Proses cedera sekunder yang bermula dalam hitungan menit dari cedera dan
berlangsung selama berminggu-minggu hingga berbulan-bulan, melibatkan
kaskade yang kompleks dari interaksi biokimia, reaksi seluler dan gangguan serat
traktus. Sangat jelas bahwa peningkatan produksi radikal bebas dan opioid
endogen, pelepasan yang berlebihan dari neurotransmitter eksitatori dan reaksi
inflamasi sangat berperan penting. Lebih jauh lagi, profil mRNA (messenger
Ribonucleic Acid) menunjukkan beberapa perubahan ekspresi gen setelah cedera
medula spinalis dan perubahan ini ditujukan sebagai target terapeutik. 3,7,9,10
Beberapa teori telah diusulkan untuk menjelaskan patofisiologi dari
cedera sekunder. Teori radikal bebas menjelaskan bahwa, akibat dari penurunan
kadar anti-oksidan yang cepat, oksigen radikal bebas berakumulasi di jaringan
14
sistem saraf pusat yang cedera dan menyerang membrane lipid, protein dan asam
nukleat. Hal ini berakibat pada dihasilkannya lipid peroxidase yang menyebabkan
rusaknya membran sel.
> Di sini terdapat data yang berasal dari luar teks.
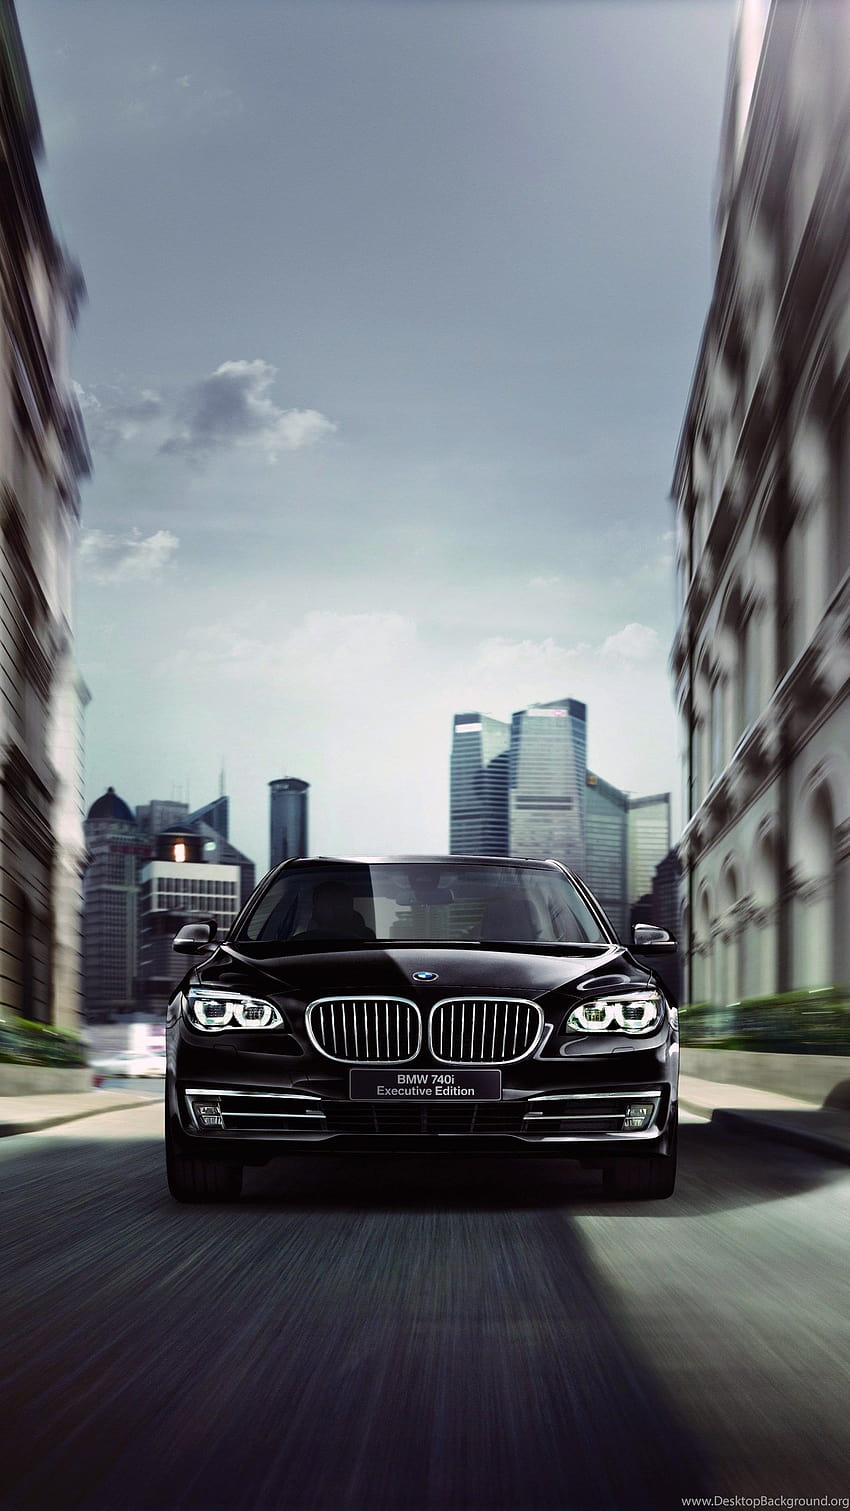 2014 BMW 740i Executive F01 Luxushintergründe, bmw f01 HD-Handy-Hintergrundbild

Teori kalsium menjelaskan bahwa terjadinya cedera
sekunder bergantung pada influks dari kalsium ekstraseluler ke dalam sel saraf.
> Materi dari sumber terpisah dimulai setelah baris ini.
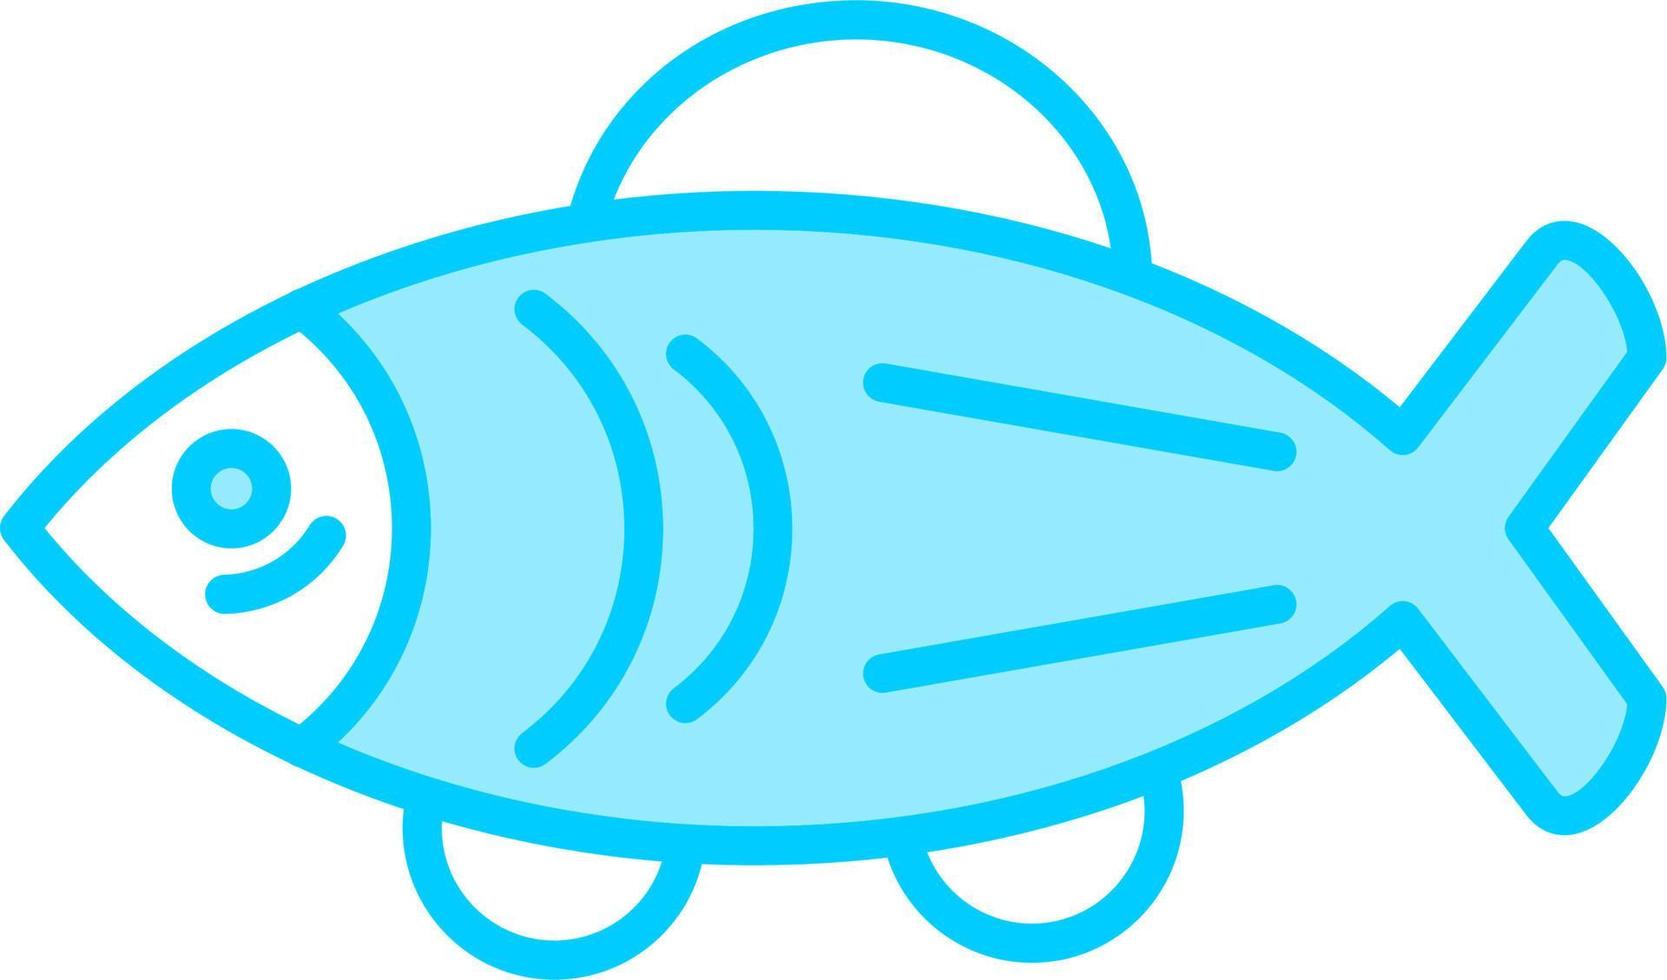 ícone de vetor de salmão

Ion kalsium mengaktivasi phospholipase, protease, dan phosphatase. Aktivasi dari
enzim-enzim ini mengakibatkan interupsi dari aktivitas mitokondria dan
kerusakan membran sel. Teori opiate receptor mengusulkan bahwa opioid
endogen mungkin terlibat dalam proses terjadinya cedera medula spinalis dan
bahwa antagonis opiate (contohnya naloxone) mungkin bisa memperbaiki
penyembuhan neurologis. Teori inflamasi berdasarkan pada hipotesis bahwa zat-
zat inflamasi (seperti prostaglandin, leukotrien, platelet-activating factor,
serotonin) berakumulasi pada jaringan medula spinalis yang cedera dan
merupakan mediator dari kerusakan jaringan sekunder. Bila bagian cervical 1-4
yang terkena mengakibatkan pola nafas menjadi efektif dan kelumpuhan total dan
kemungkinan untuk bertahan hidup sangat kecil. 3,7,9,10
Tulang belakang yang mengalami gangguan trauma (kecelakaan mobil,
jatuh dari ketinggian, cedera olahraga) atau penyakit (Transverse Myelitis, Polio,
Spina Bifida, Friedreich dari ataxia) dapat menyebabkan kerusakan pada medulla
spinalis, tetapi lesi traumatic pada medulla spinalis tidak selalu terjadi karena
fraktur dan dislokasi. Efek trauma yang tidak langsung bersangkutan tetapi dapat
menimbulkan lesi pada medulla spinalis disebut whiplash atau trauma indirek.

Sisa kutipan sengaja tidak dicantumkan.